He called the crowd with his disciples, and said to them, “If any want to become my followers, let them deny themselves and take up their cross and follow me. For those who want to save their life will lose it, and those who lose their life for my sake, and for the sake of the gospel, will save it.”
There is perhaps no verse in Scripture that more clearly amplifies just how different the kingdom Jesus proclaims is from everyday life: “For those who want to save their life will lose it, and those who lose their life for my sake, and for the sake of the gospel, will save it.”
Think about it: So much of our effort and energy is geared toward saving our lives. From the work we do to put food on our tables to the children we have to preserve and extend our family. From the effort we put in to progressing through school or advancing in work to the networks of friends and colleagues we create to support us. From the homes we buy and security systems we install to the portfolios or savings and retirement accounts we build up.
On one level, this makes a lot of sense. We are, in a very real way, hard-wired by evolution to survive. More over we live in a culture that glorifies accumulation, beating the message remorselessly into our heads that we’ve got to look out for ourselves and that our possessions are the key to our security, wellbeing, and happiness. And so, perhaps quite understandably, much if not most of what we do is to protect, sustain, and advance our lives; that is, to save ourselves.
Yet Jesus seems to invite us, indeed, to command us to let it all go, to lose our lives for his sake and the sake of the gospel.
You can take this, I suspect, in two ways.
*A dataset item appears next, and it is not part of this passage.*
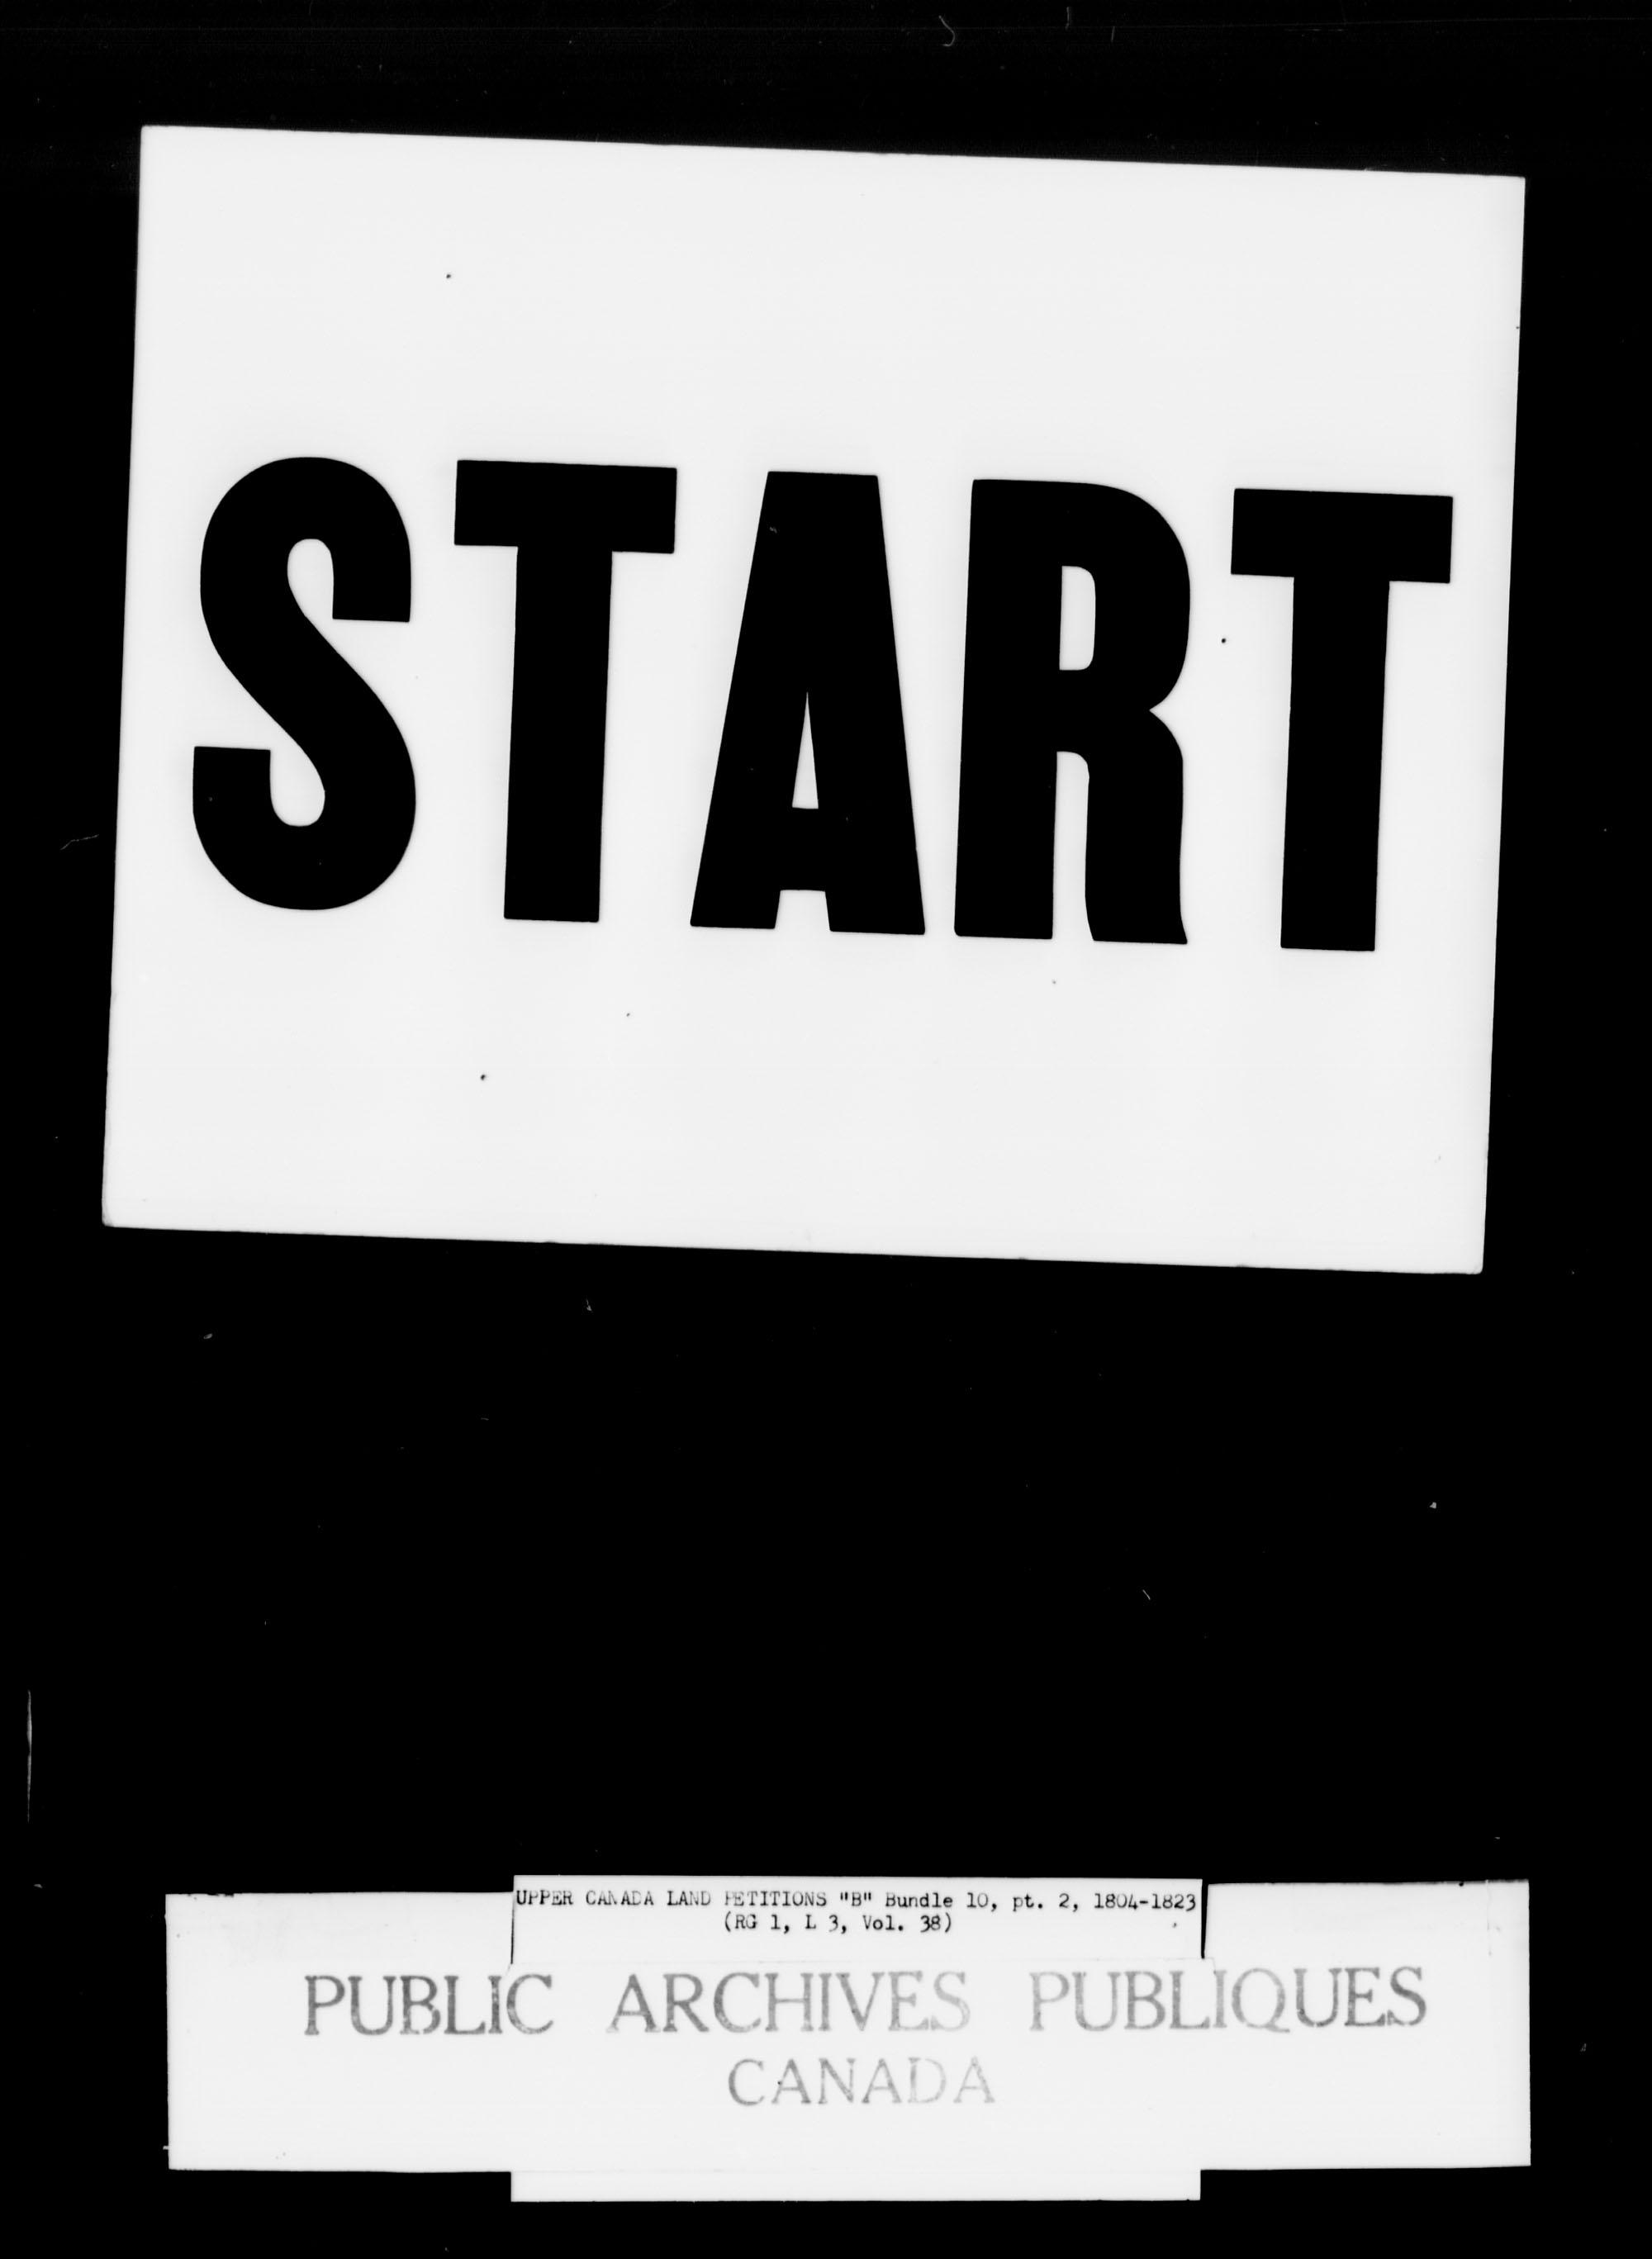 Titre: Demandes de terres du Haut-Canada (1763-1865) - N° d'enregistrement Mikan: 205131 - Microforme: c-1624

You can see this as an active pursuit, dedicating one’s life to sharing the faith, getting by with less so that others might have more, and bearing the burdens of others with patience and cheerfulness. There’s a lot that commends this view, not least the intentionality it imagines in “taking up one’s cross.” We can actively seek, that is, to defy the cultural logic of “more” and actively deny ourselves in order to follow and depend upon Jesus.
You can also take Jesus’ words to mean that only when life falls apart do we truly recognize that we cannot save our lives and so look to God. For sooner or later life will fall apart for each of us, whether because of death or illness or disappointment or depression or whatever. At those moments – when it feels like the cross is thrust upon us – we realize that we are met by God precisely in our weakness, that we are ultimately helpless when it comes to saving our lives, and that we need to die to our cultural illusions of self-sufficiency that we might live in God’s grace.
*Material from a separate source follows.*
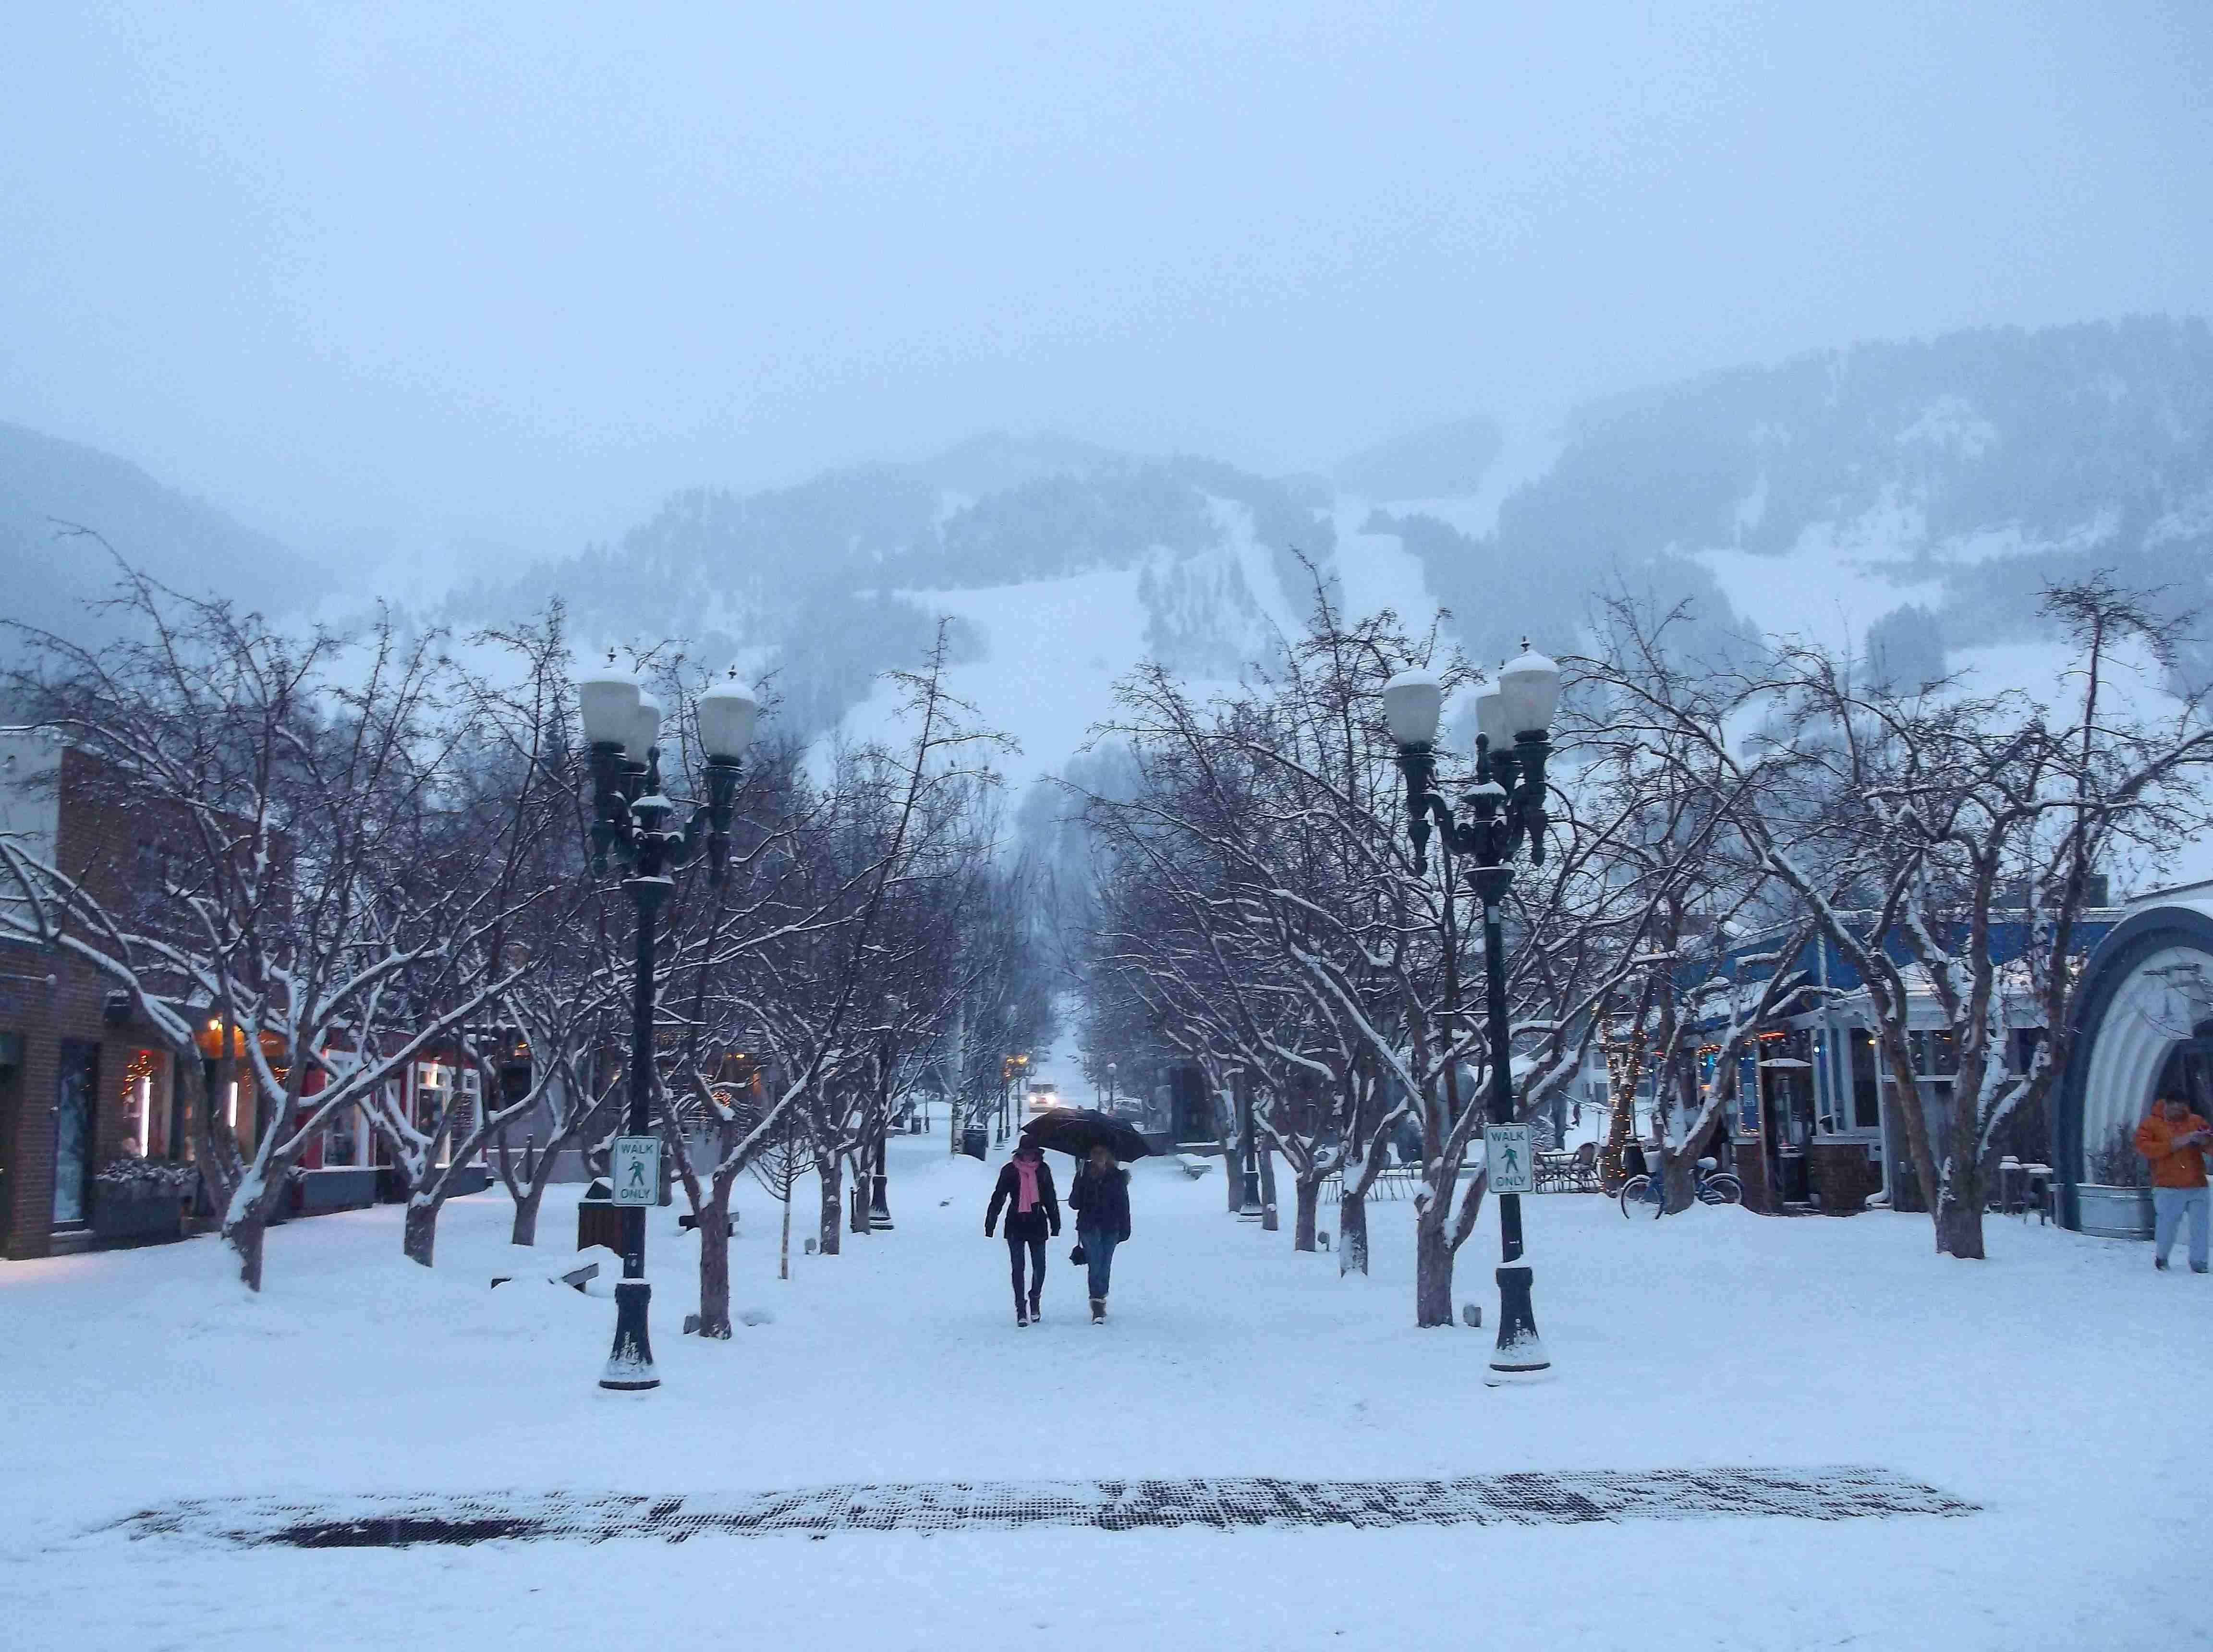 Aspen's Mall in snow

Which of these two views is right? To be honest, I’m not sure we have to choose, as there are times when we are called actively to follow the way of Jesus, and other times when circumstances force upon us the recognition of our limitation. In either case, we are reminded that whatever effort and energy we put into advancing and enhancing our lives, ultimately we are dependent on God, the God who will meet us precisely and only in our weakness and vulnerability.
That recognition is always difficult, because it runs against our evolutionary hard-wiring to survive at any cost. But I’d suggest that there is also a spiritual hard-wiring at work as well. That is, I believe there is planted deep in our hearts the recognition that we are meant for more than mere survival; indeed, that we were born and created for life together and in relationship with God. And at times, only by dying to the former can we live into the latter. As St. Augustine of Hippo said so long ago, so also we learn again and again: “our hearts, O God, are restless until we find our rest in you.” Or, in light of the verses we are reading, “we will seek to save our lives in every way possible, O God, until we let them go only to receive them back from you.”
Prayer: Dear God, calm our fears and encourage our hearts to seek you in all things, that in losing our lives for your sake and the sake of the gospel we might find abundant life now and forever. In Jesus’ name, Amen.